Quando o marido chegava à noite, perguntava: - "Cadê as crianças? Já morreram de fome?"
Ela respondia: - "não, já estão dormindo".
- "E o que comeram?"
- "Comeram palmito, bró e tomaram água e estão com a barriga cheia".
Então o pouco de farinha que José trazia ficava para o dia seguinte quando era servida com o pirão de caças.
Por isso Dionísia afirma que uma de suas filhas foi "gerada no bró, nasceu no bró e cresceu no bró".

Nesse longo período difícil, seus irmãos pegaram a estrada e foram para outras terras em busca de melhores condições, deixando para trás seus velhos pais. Mas ela falava confiante:
"Aconteça o que acontecer, eu não deixarei meus pais". E cuidou deles até o fim da vida. Ela afirma que ainda está viva porque nunca abandonou seus pais, enquanto seus irmãos já morreram todos, só tem ela para contar a história.

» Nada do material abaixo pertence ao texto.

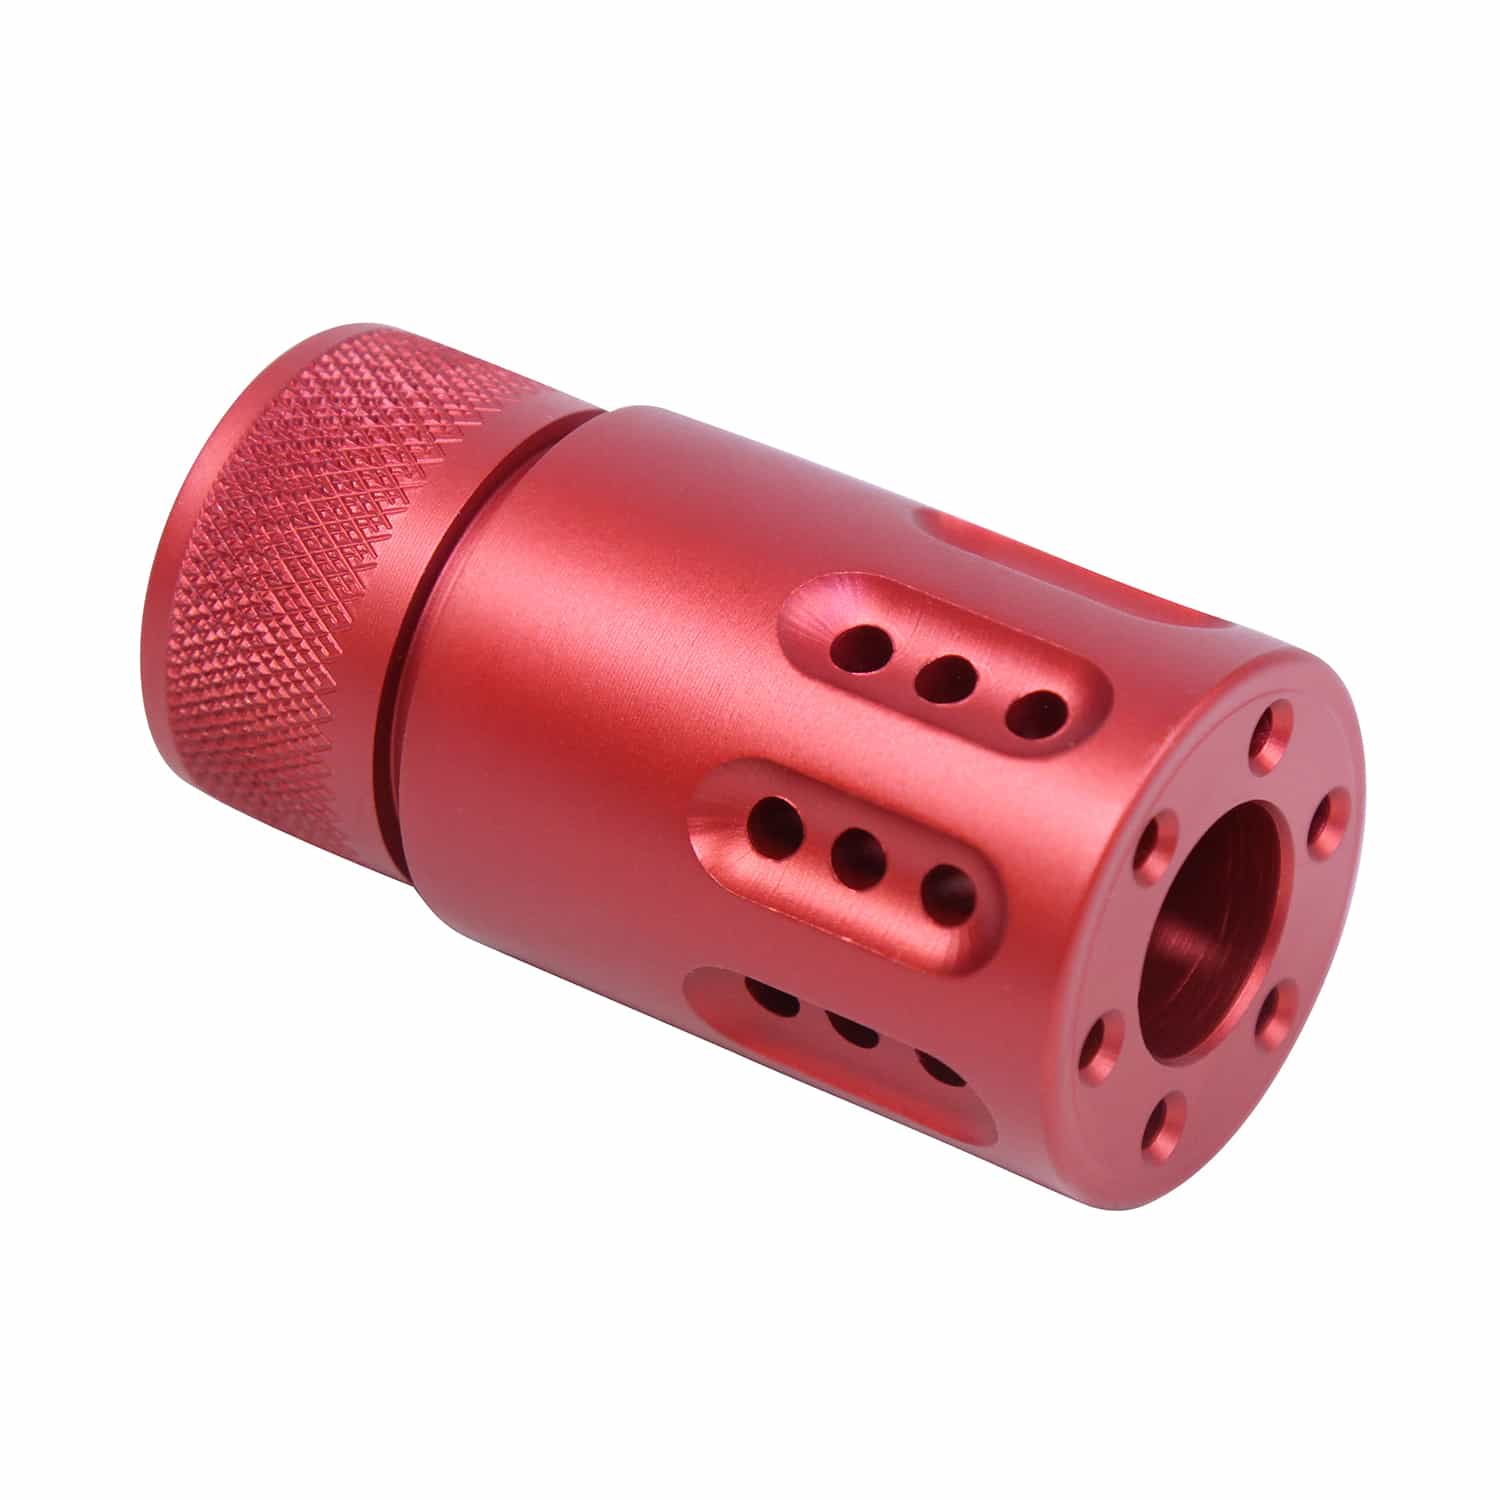 An AR-15 9MM red anodized muzzle brake and barrel shroud.

Para a neta Martinha das Neves, professora em Barreira, a avó Dionísia é uma grande mulher que enfrentou vários serviços para sustentar seus filhos, chegando até a trabalhar de diarista, limpando terra.
"Com toda essa garra, hoje ela nos transmite muita experiência de vida, amor e sabedoria. Digo isso porque aprendemos muito com seus exemplos, ela nunca frequentou escola, mas a escola da vida lhe ensinou muitas atividades. Foi uma grande artesã. Fazia redes, com algodão, fiava linhas e ela mesma tecia suas redes, uma de suas especialidades. Com o barro fazia vários objetos: panelas, potes, tigelas (aribés). Com a palha do ouricurizeiro confeccionava esteiras, sacolas e chapéus, o que até hoje faz com muita eficiência, só para dar de brinde a familiares e amigos. Outra função que ela exerceu por muitos anos, foi a de parteira, milhares de crianças nasceram com a ajuda dela, foram muitos partos, alguns deles em situação difícil, mas com ajuda de Deus, a medicina natural, suas orações e muita fé no Senhor do Bonfim e Nossa Senhora das Dores, santos de devoção, foi sempre bem sucedida. Ela também foi uma excelente benzedeira, nos casos de mau olhado e dores, era sempre procurada.

Por isso é muito bem merecida esse dia especial que Deus nos concedeu (seu aniversário). Além de ser mãe, avó, bisavó, trisavó, Dionísia é também a mãe de muitas crianças que ajudou a vir ao mundo. E com o passar de tantos anos ela ainda continua forte, bonita e lúcida, cheia de vida, o que chega a dar inveja em qualquer pessoa.

É por este motivo que hoje estamos aqui para agradecer e louvar por esta grande bênção. Que Deus lhe dê muita saúde para que viva ainda muitos anos e para nos dar essa alegria de estarmos juntos por muito tempo".

Certa feita, Dionísia, com um bebê ao colo foi pedir leite a um vizinho. Este negou e ela seguiu o seu caminho. Ao regressar, ficou sabendo que a vaca havia derrubado o balde com um coice. Esse fato negativo marcou a sua vida e gerou nela o extinto de solidariedade.

Contra um conceito vulgar do dom da vida, dona Dionísia é o símbolo da luta pela conservação geradora de muitas vidas. No sertão onde as dificuldades e o sofrimento são maiores, ela representa a mulher resistente, que jamais desiste.